In the spring of 1971, the largest mass arrest in Massachusetts history unfolded at a site nationally celebrated as the birthplace of freedom and democracy. With peace efforts at a standstill, the New England chapter of Vietnam Veterans Against the War had organized an event to rouse public support for their cause. Over the course of the long Memorial Day weekend, a band of more than two hundred young, fatigue-clad veterans sounded the alarm for peace and patriotism by marching—in reverse—the path Paul Revere had taken two centuries earlier when he called on the American colonists to rise against their British oppressors.
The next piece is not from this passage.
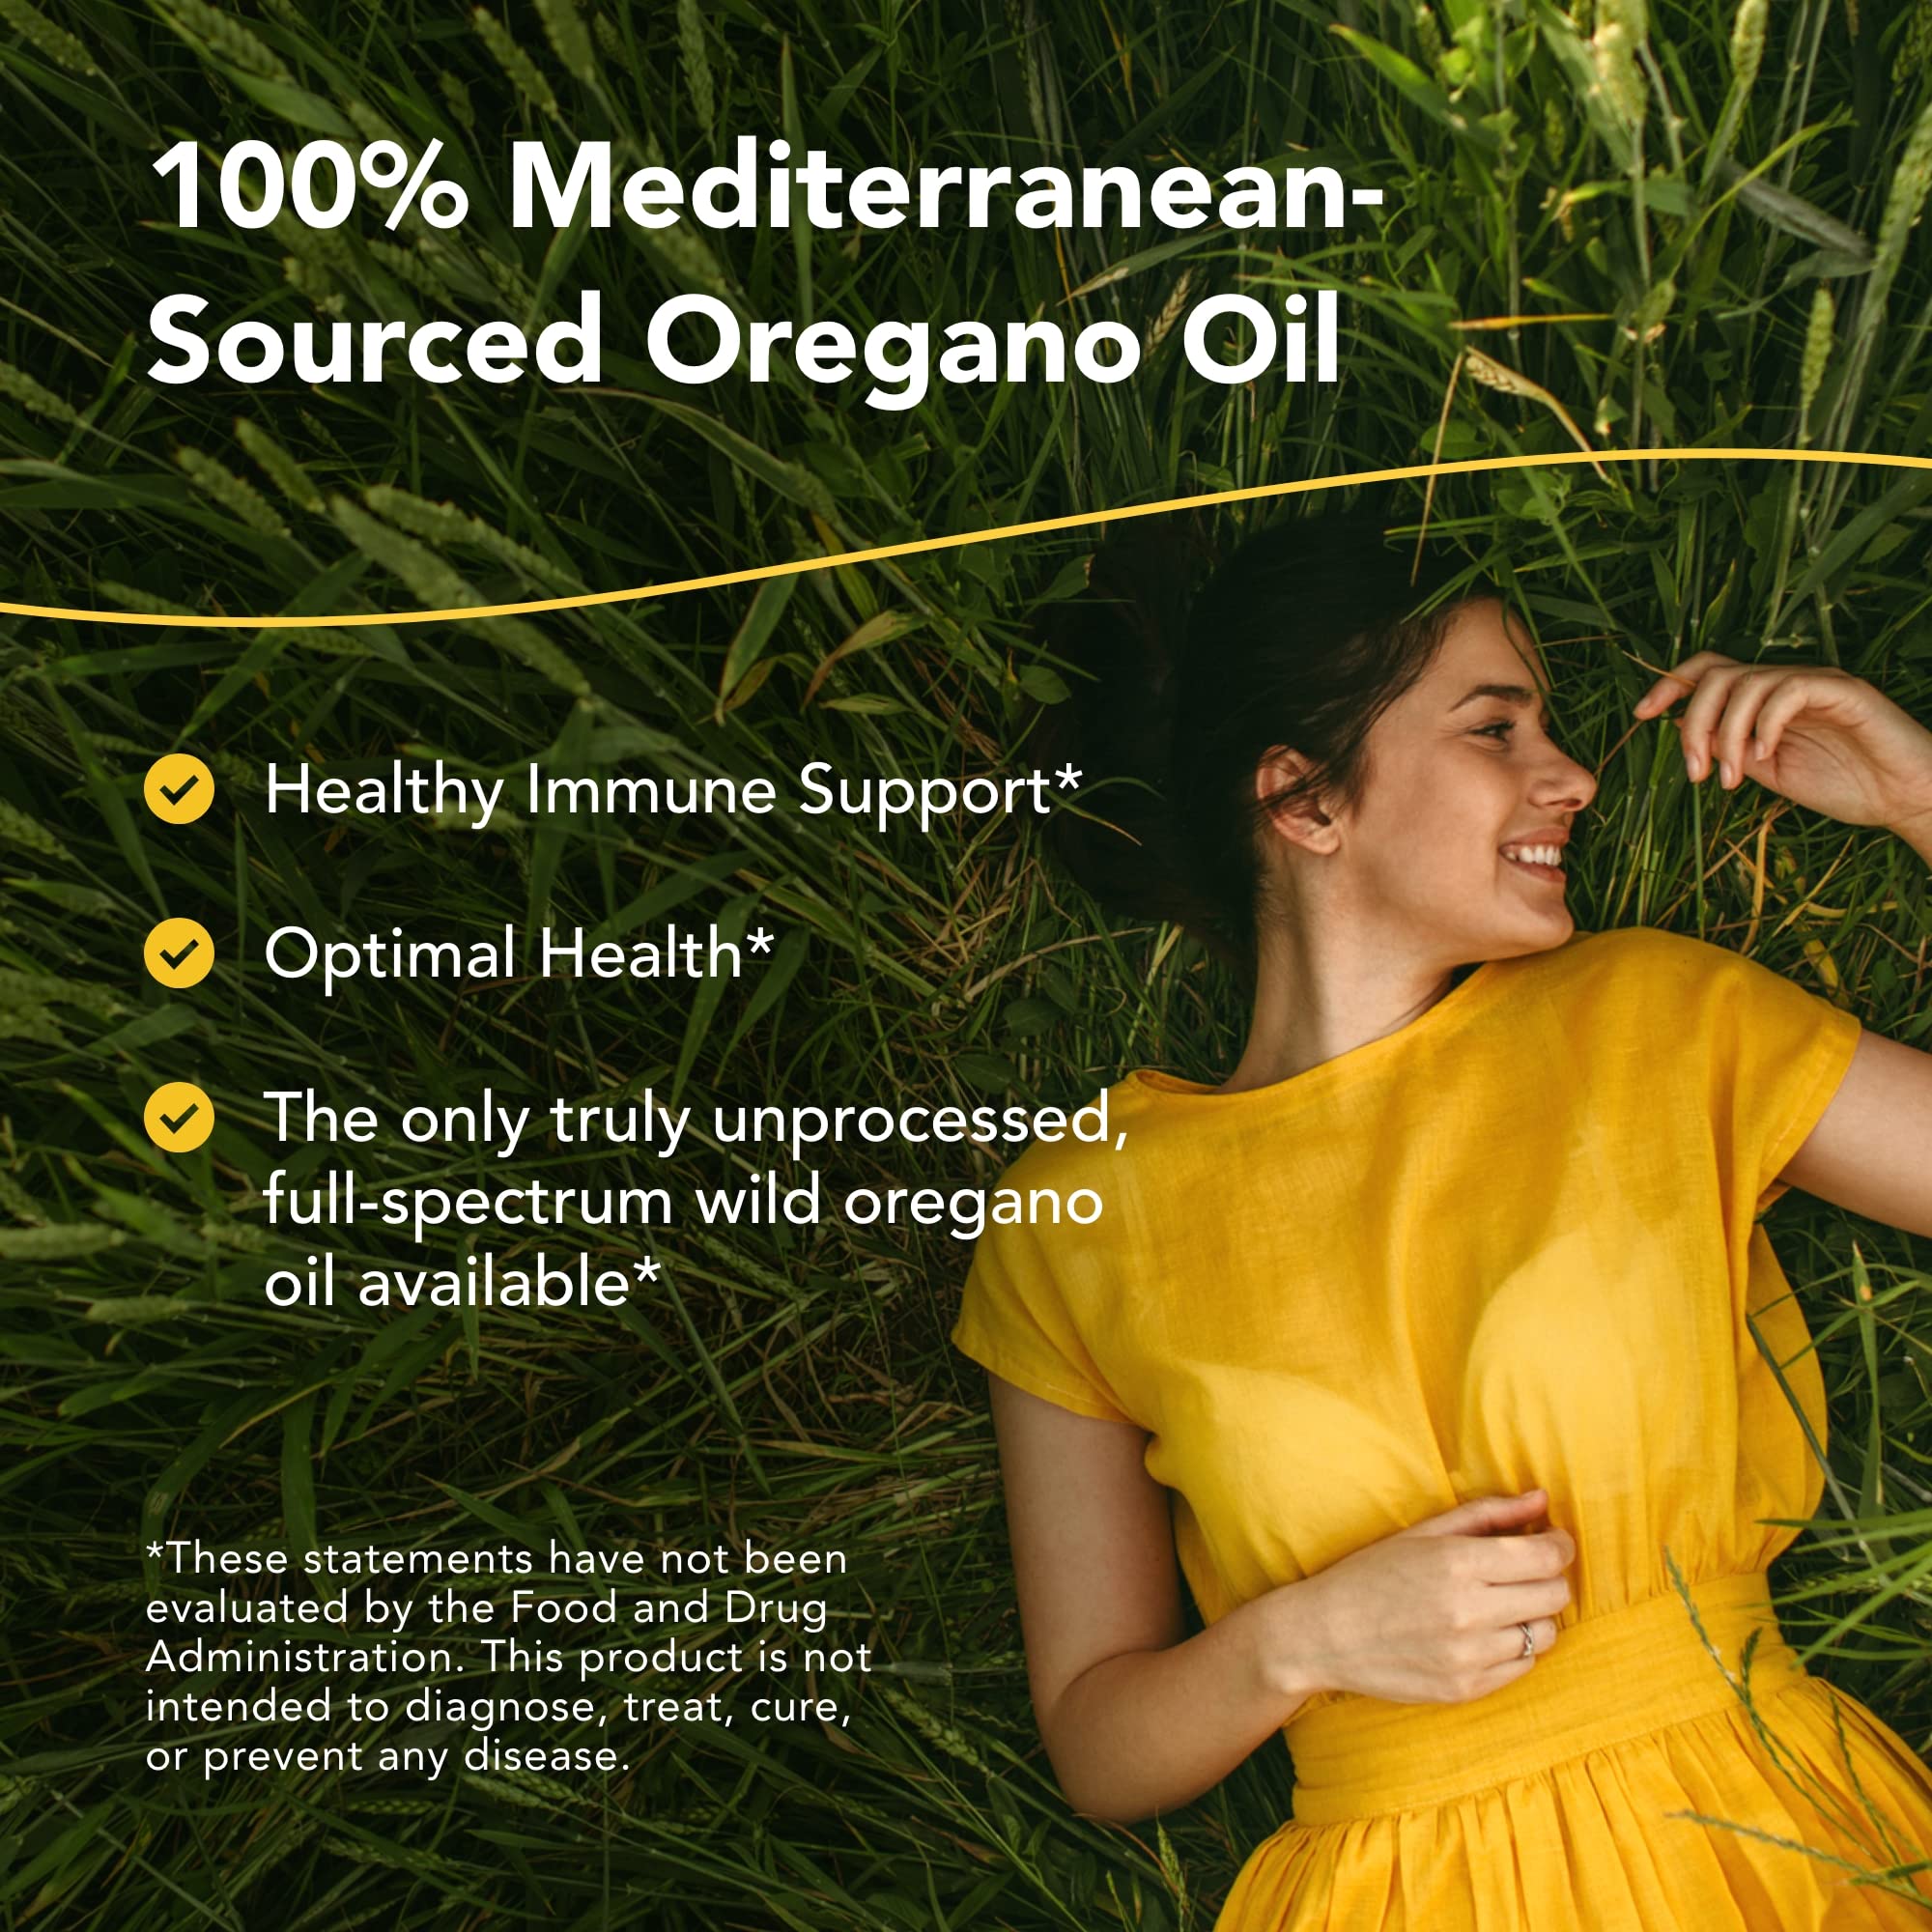 NORTH AMERICAN HERB & SPICE Oreganol P73 - 0.45 fl. oz. - Immune Support, Optimal Health - Unprocessed, Organic, Wild Oregano Oil - Mediterranean Source - Non-GMO - 194 Servings
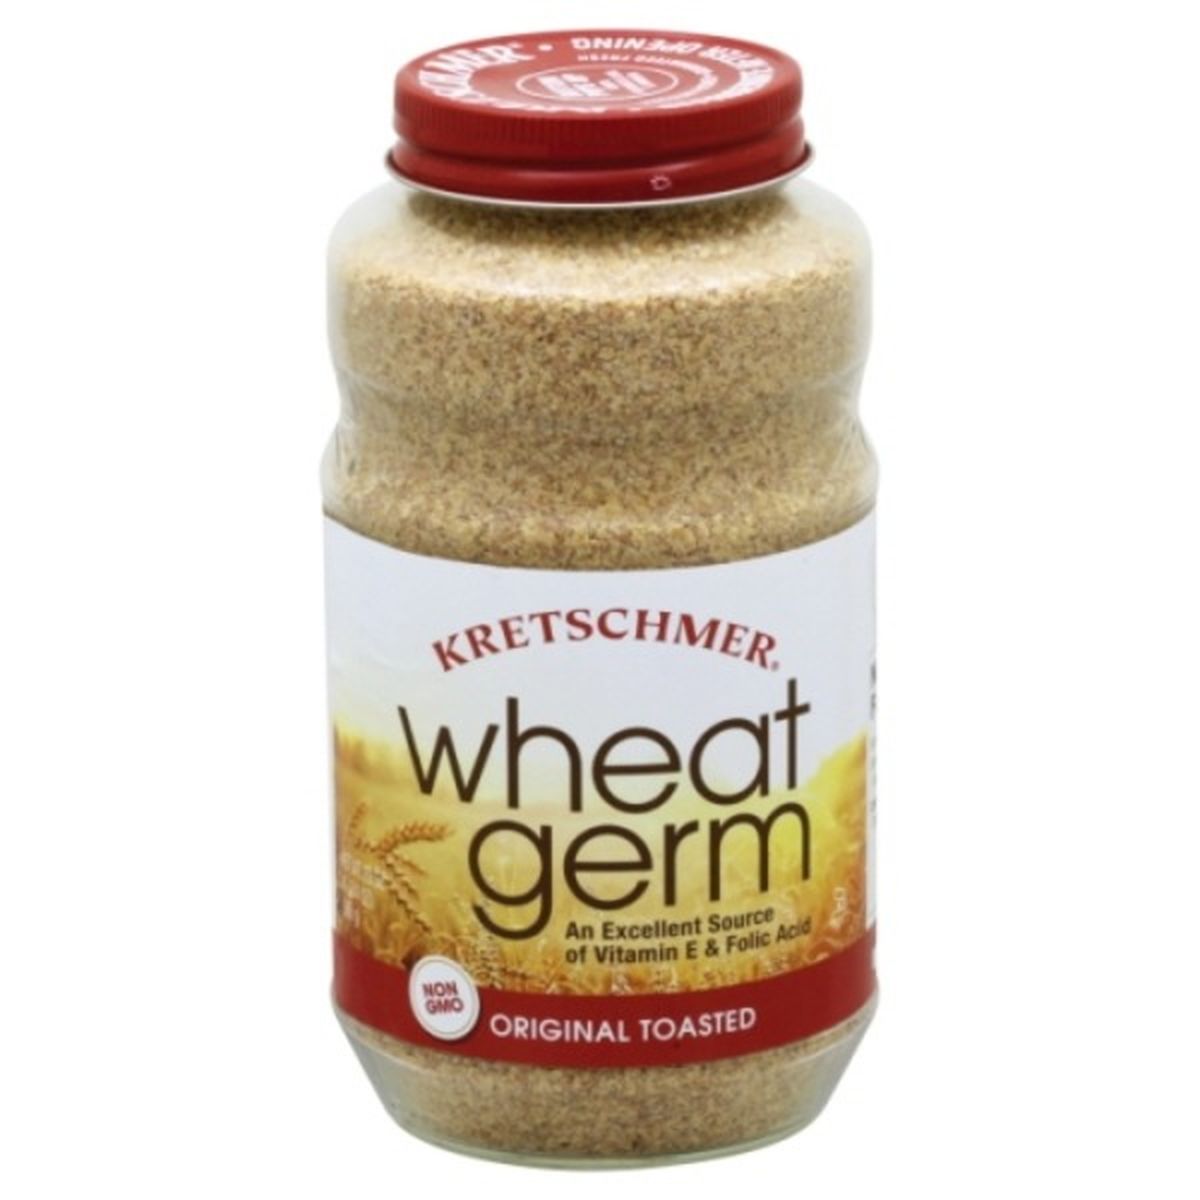 Calories in Kretschmer Wheat Germ, Original Toasted

Enacting the parts of colonial militiamen, the veterans set off in patrol formation along the famed Battle Road, a route calculated to take them past Concord's Old North Bridge, onto Lexington's Battle Green, and up to Bunker Hill. Determined to reanimate the patriotic sentiments expressed by the area's many Revolutionary War memorials, they revealed how far the nation had veered from its ideals by staging reenactments of the brutal atrocities they had witnessed and perpetrated in the name of freedom on the other side of the world. "With an ironic twist," the fliers they distributed explained, "our presence in Indochina as viewed by a native of an occupied village easily coincides with the British army in America." To the selectmen of the town of Lexington who ordered their mass arrest, the veterans were defiling spaces sacred to the nation's Revolutionary past; to the hundreds of bystanders who fed, sheltered, and committed civil disobedience with them, they were an inspiration.
Elise Lemire tells this extraordinary story from the perspective of six men who played central roles in the events of May 1971. Based on more than one hundred interviews with participants and accompanied by nearly forty photographs and maps, Battle Green Vietnam demonstrates the power of mobilizing history, myth, and memorials to effect revolutionary change.